(The task) Each line from the one containing "第4回『幻日のヨハネ -SUNSHINE in" through the last line of the data below should be printed exactly, please, with any pictures omitted.

(Given information)
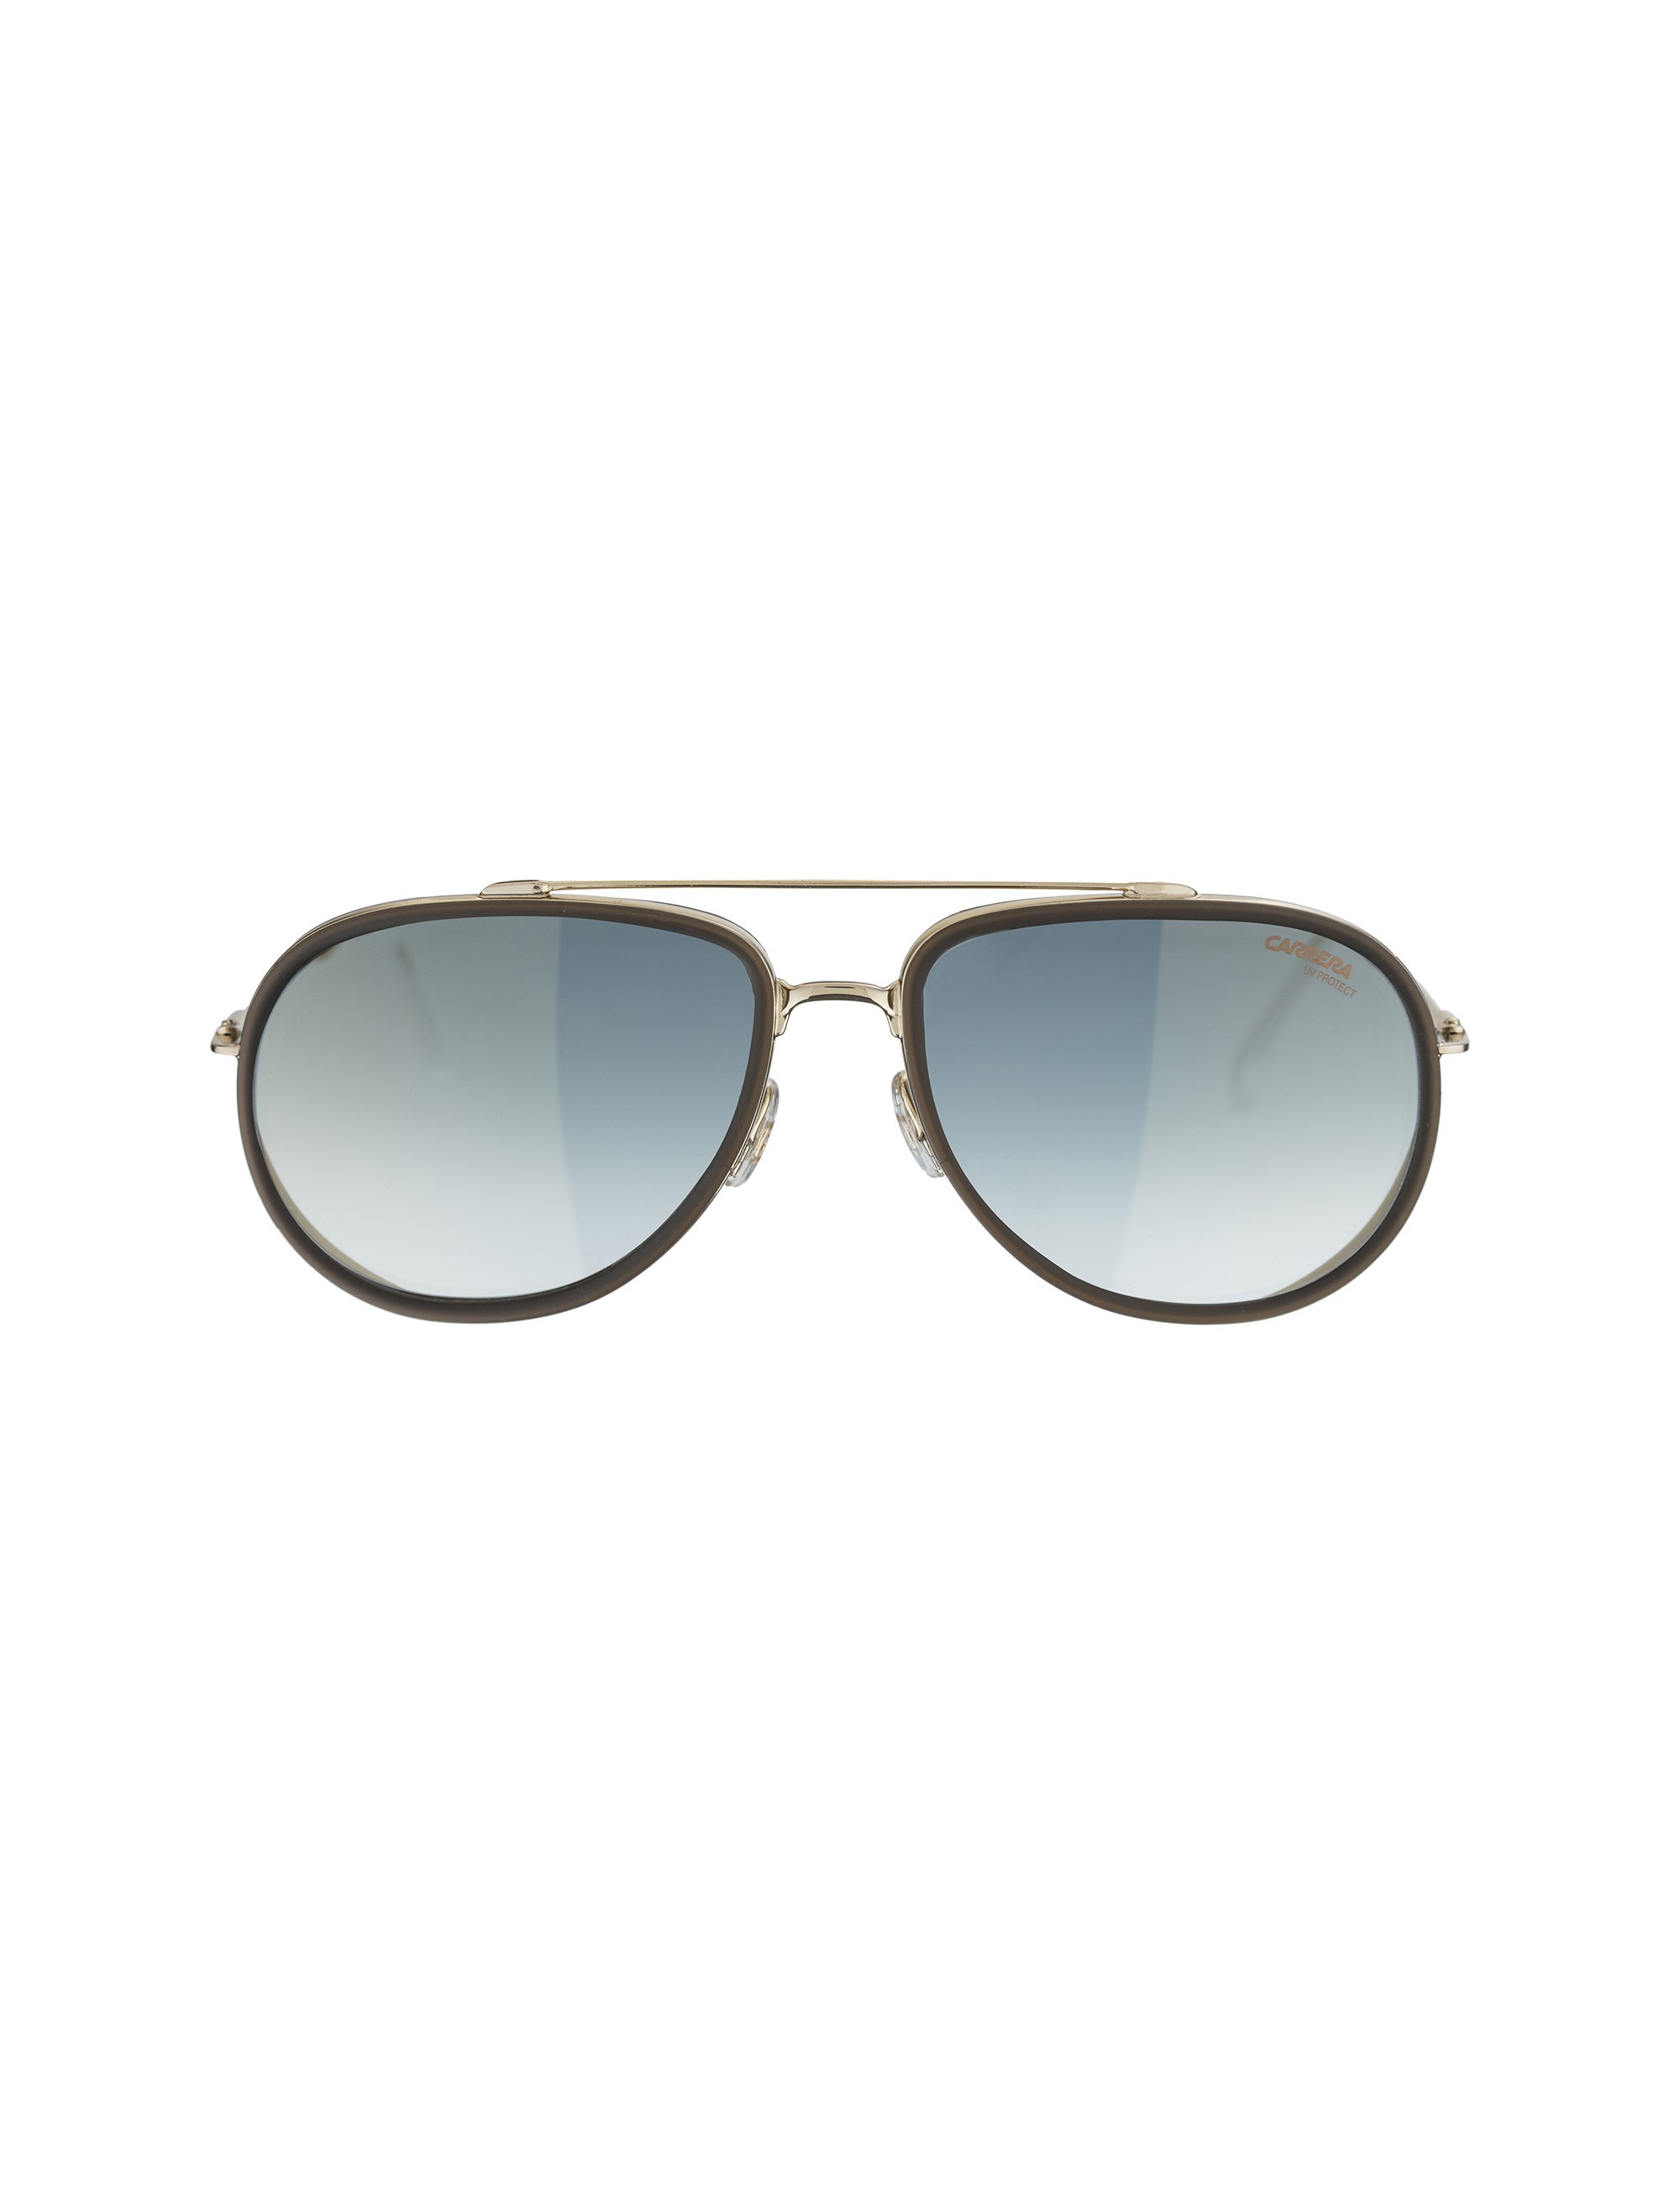 عینک آفتابی خلبانی بزرگسال - کاررا - طلايي - 1
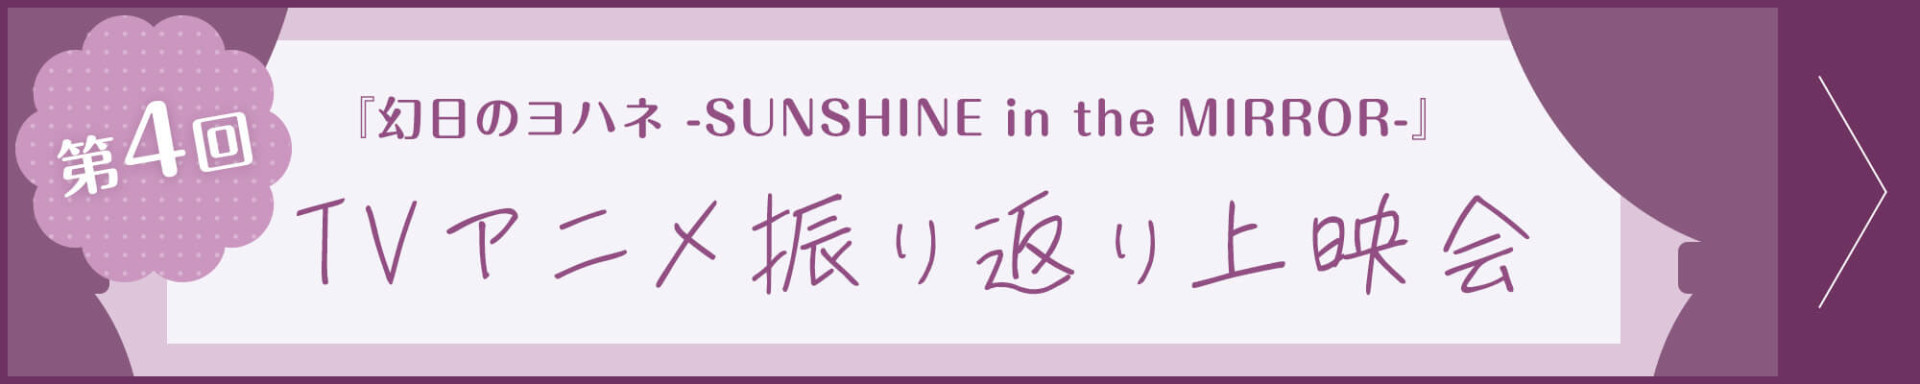 第4回『幻日のヨハネ -SUNSHINE in the MIRROR-』TVアニメ振り返り上映会
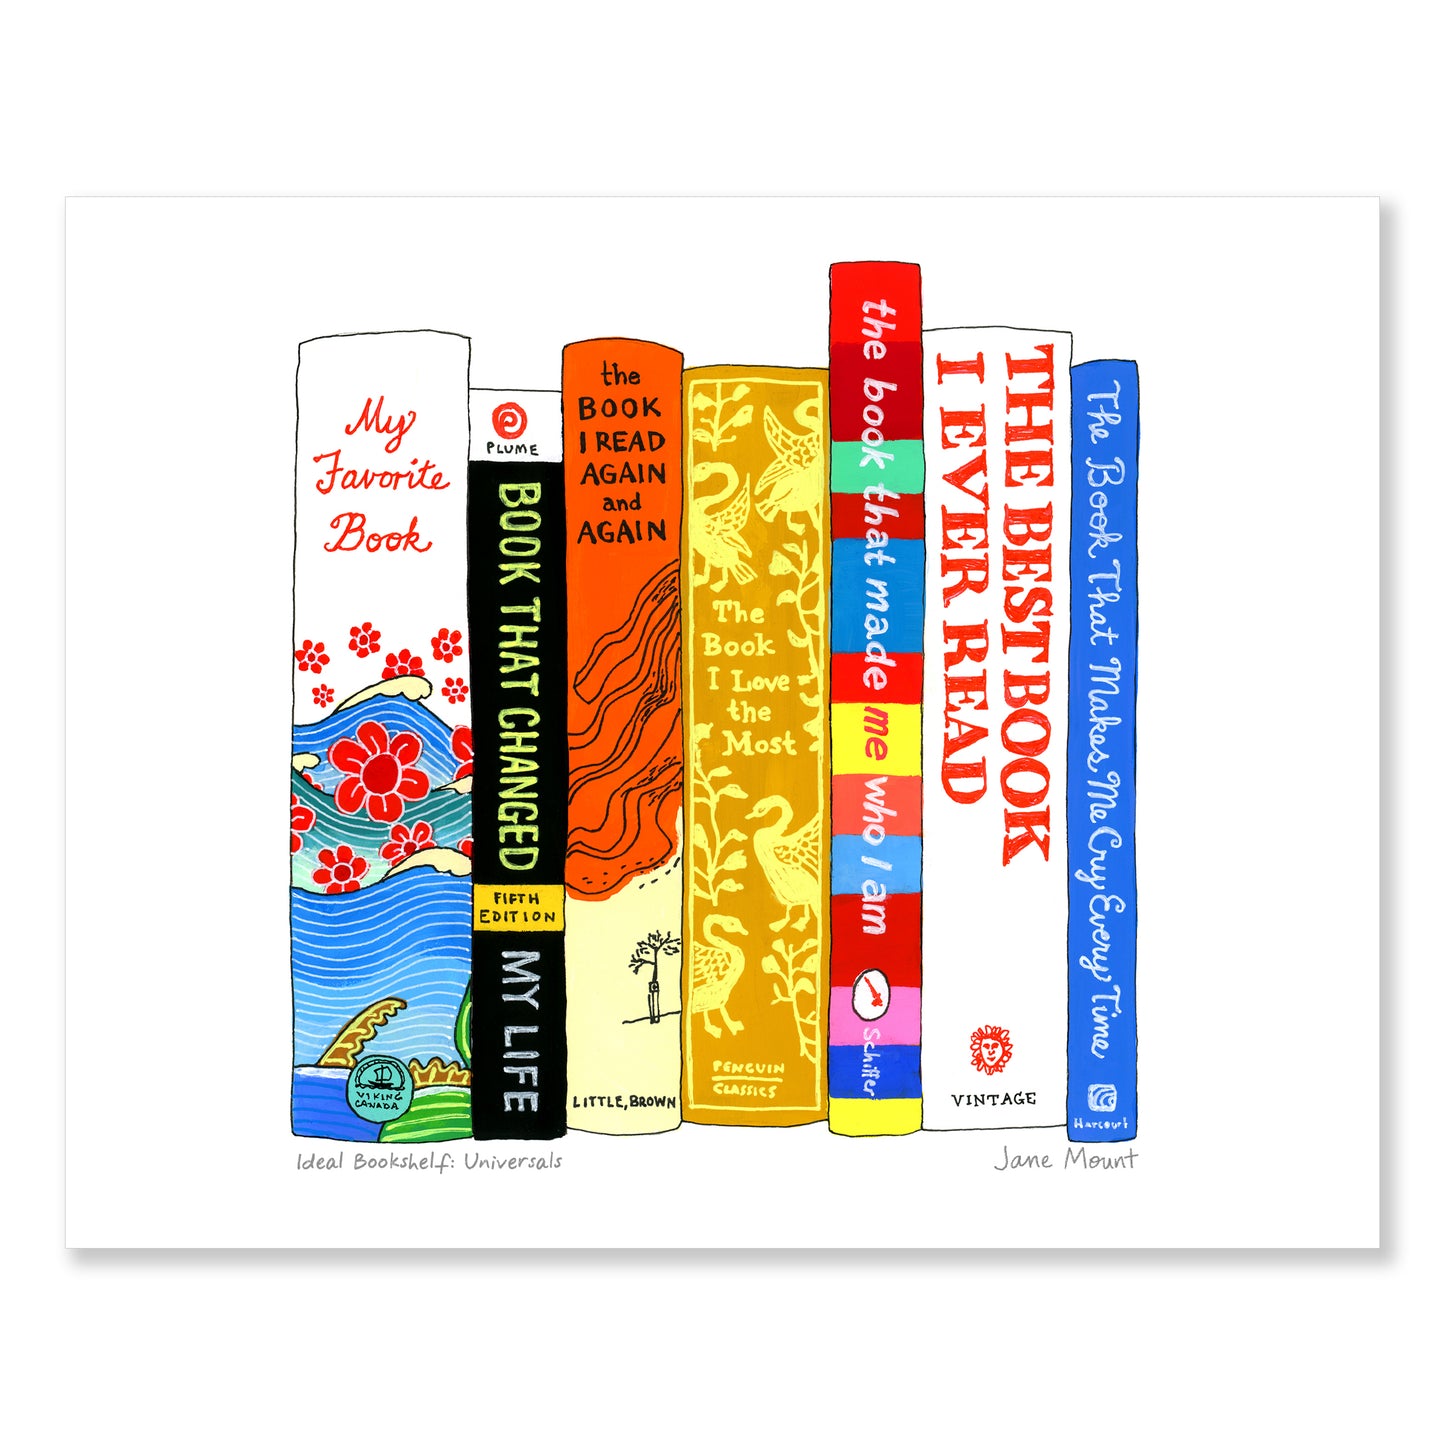 Ideal Bookshelf: Universals

(Output for this task)
 第4回『幻日のヨハネ -SUNSHINE in the MIRROR-』TVアニメ振り返り上映会
 Ideal Bookshelf: Universals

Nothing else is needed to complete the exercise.